Scholastic Press: Ruin Road by Lamar Giles


B&N Second Quarter: Sales Slip; Net Loss

In the second quarter ended October 31, sales at Barnes & Noble fell 4.5%, to $894.7 million, and the net loss was $39.2 million, compared to a net gain of $12.3 million in the same period a year earlier.

Before the announcement late yesterday afternoon, shares of B&N closed at $12.05, down 4.4%. Because B&N sales were below analysts' estimates and the loss per share was higher than expected, in after-market trading, B&N stock fell another 14%.

Retail sales fell 3.1%, to $861 million, because of lower online sales, store closures and a 1% drop in sales at B&N stores open at least a year. Excluding Nook products, sales at stores open at least a year fell 0.5%. In a bit of good news, comp-store sales through Black Friday weekend, excluding Nook products, rose 1.1%

During the quarter, Nook sales fell 31.9%, to $43.5 million, "due primarily to lower content sales." B&N predicted that comp-store sales will be flat during fiscal year 2016 and, excluding Nook products, should be up about 1%.

B&N CEO Ron Boire was bullish about the holiday season, saying that B&N is holding "large-scale, nationwide events [such as the Mini Maker Faire, Vinyl Day, All-American Art Unwind and the Signed Editions program] to create excitement and drive traffic to our stores. Barnes & Noble's buyers and merchants have curated an outstanding selection of books, toys and games and gifts, and our booksellers are prepared to help customers find the perfect gift for everyone on their holiday shopping list."

Ron Boire

In a conference call with analysts (via, Boire said that in books, "we continue to experience the growing trend in adult coloring books and artist supplies, which helped offset the comparison to a strong young adult title lineup last year including Heroes of Olympus, If I Stay and Maze Runner."

Boire said that the events "align well with our customers' desire for personal development and entertainment." At the same time, "Our merchants continue to work hard to further improve store navigation and the discovery of titles which will lead to improved customer experience and stronger sales."

Speaking with the New York Times, Boire elaborated on this subject, saying he wants to make B&N into a "lifestyle brand. Everything we do around learning, personal growth and development fits our brand. There's a lot of opportunity."

He called gifts, toys and games (toys and games grew 14.9% in the quarter) "smaller pieces of our overall business," but noted that "it's clear we are a destination for these products and we see prospects for further growth."

During the conference call, Boire said that "improving bookstore trends" led B&N to close fewer bookstores than planned. "Last year, we closed fewer stores than initially planned and we see the same trend developing this year. We now expect to close only 10 stores." B&N is also "looking at new store prototypes."

The Times noted that in stores, B&N has "made a push to make its thousands of books more enticing and searchable. Categories like parenting and Christian publishing that were once haphazardly organized alphabetically by author are now broken out into logical subcategories, so that parenting books are stocked according to the age of the child, and Christian books are arranged into categories like relationships or health and wellness. 'The sales results were instantaneous,' said Mary Amicucci, who oversees the adult consumer and children’s book business."
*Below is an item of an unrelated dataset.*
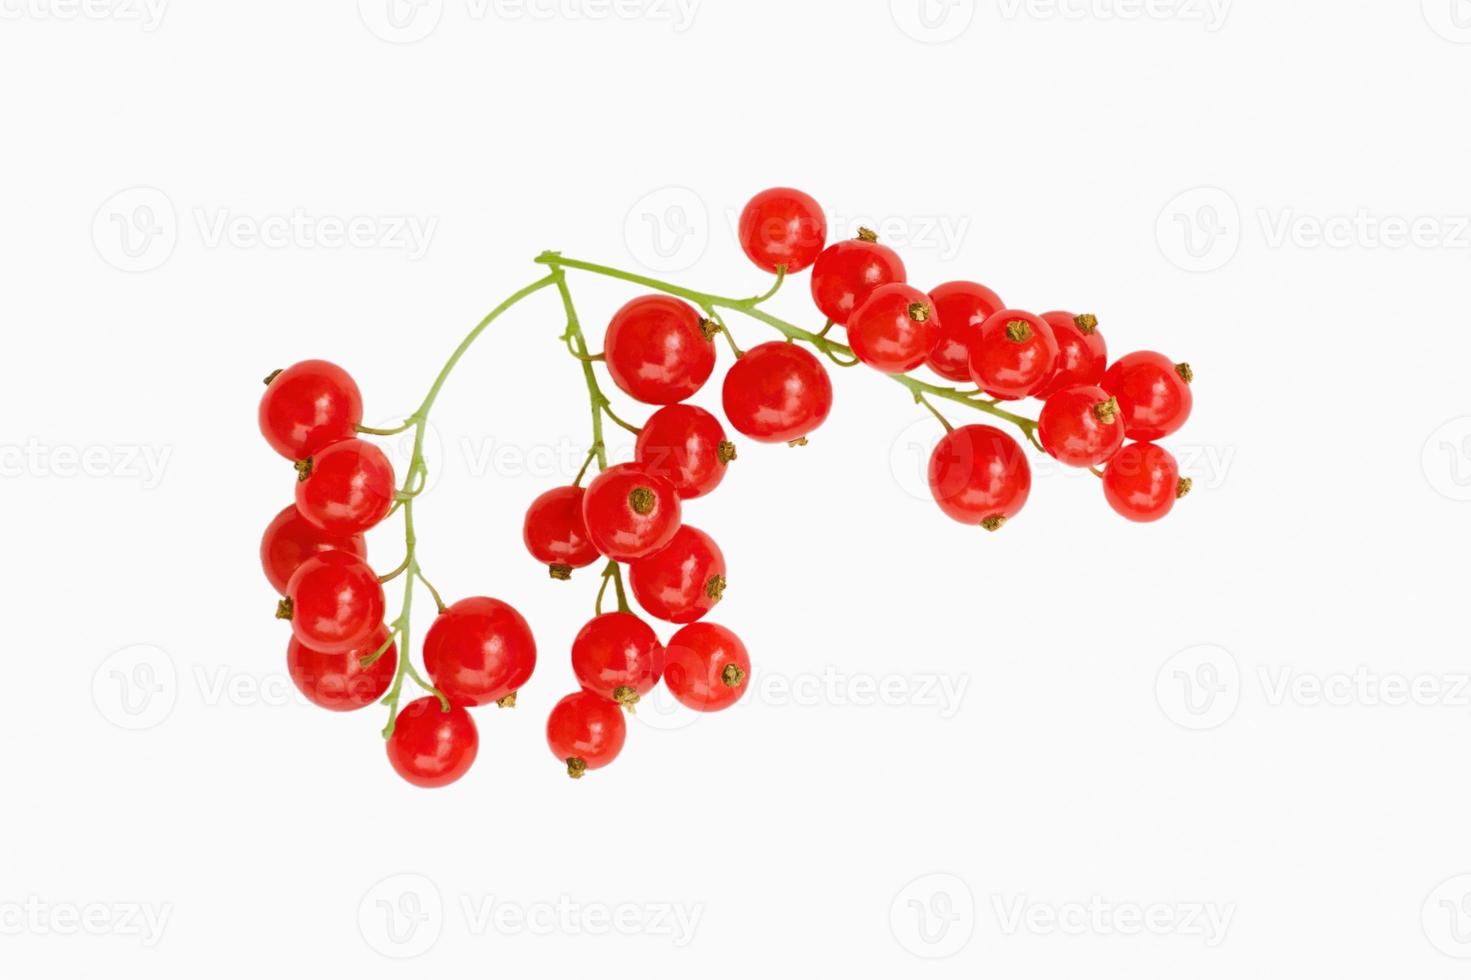 frutos de groselha vermelha isolados no fundo branco foto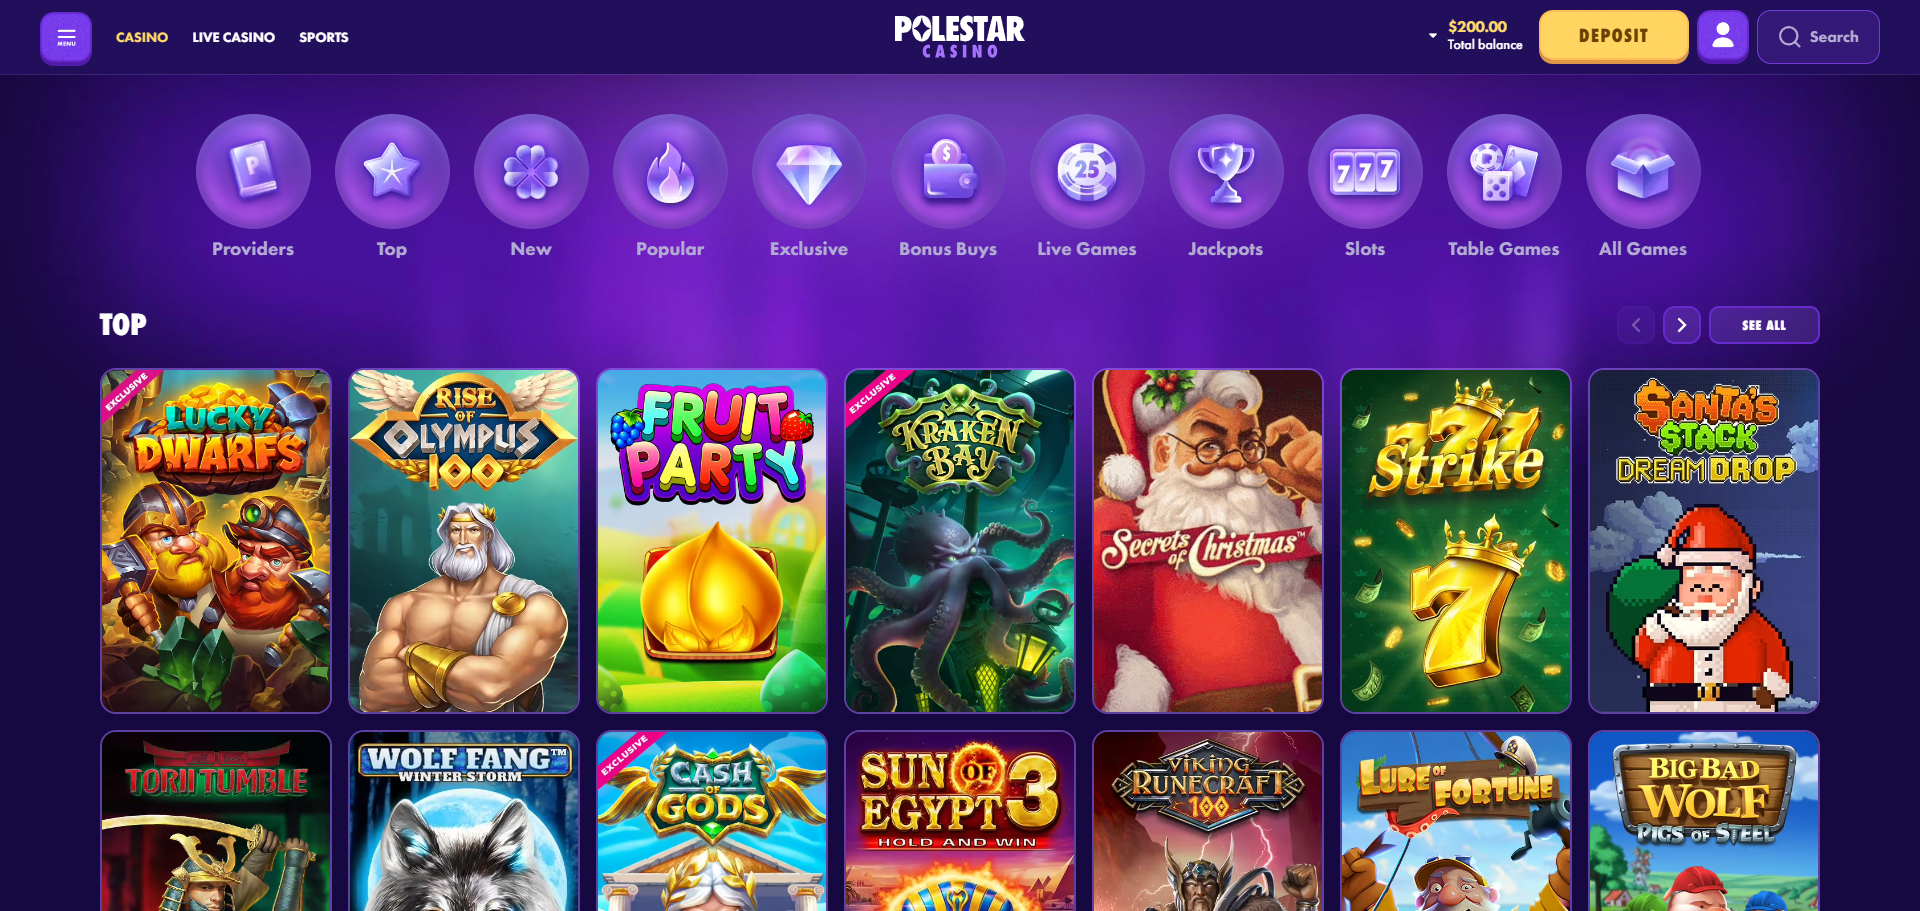 Polestar Casino Games

In the conference call, CFO Allen Lindstrom noted that store payroll costs increased 0.3% "as lower comps and competitive wage pressures outpaced productivity gains during the quarter. The company is investing in its booksellers to remain competitive in the marketplace and attract and retain quality talent."

The relaunched website has had problems that Boire characterized as "expected certain challenges that generally accompany any new site launch. However, the challenges were greater than anticipated and reduced traffic as well as conversion. During the second quarter, we implemented a significant number of website fixes to increase traffic, improve the overall user experience and stabilize the site." Those website problems also delayed "our efforts to migrate Nook within systems."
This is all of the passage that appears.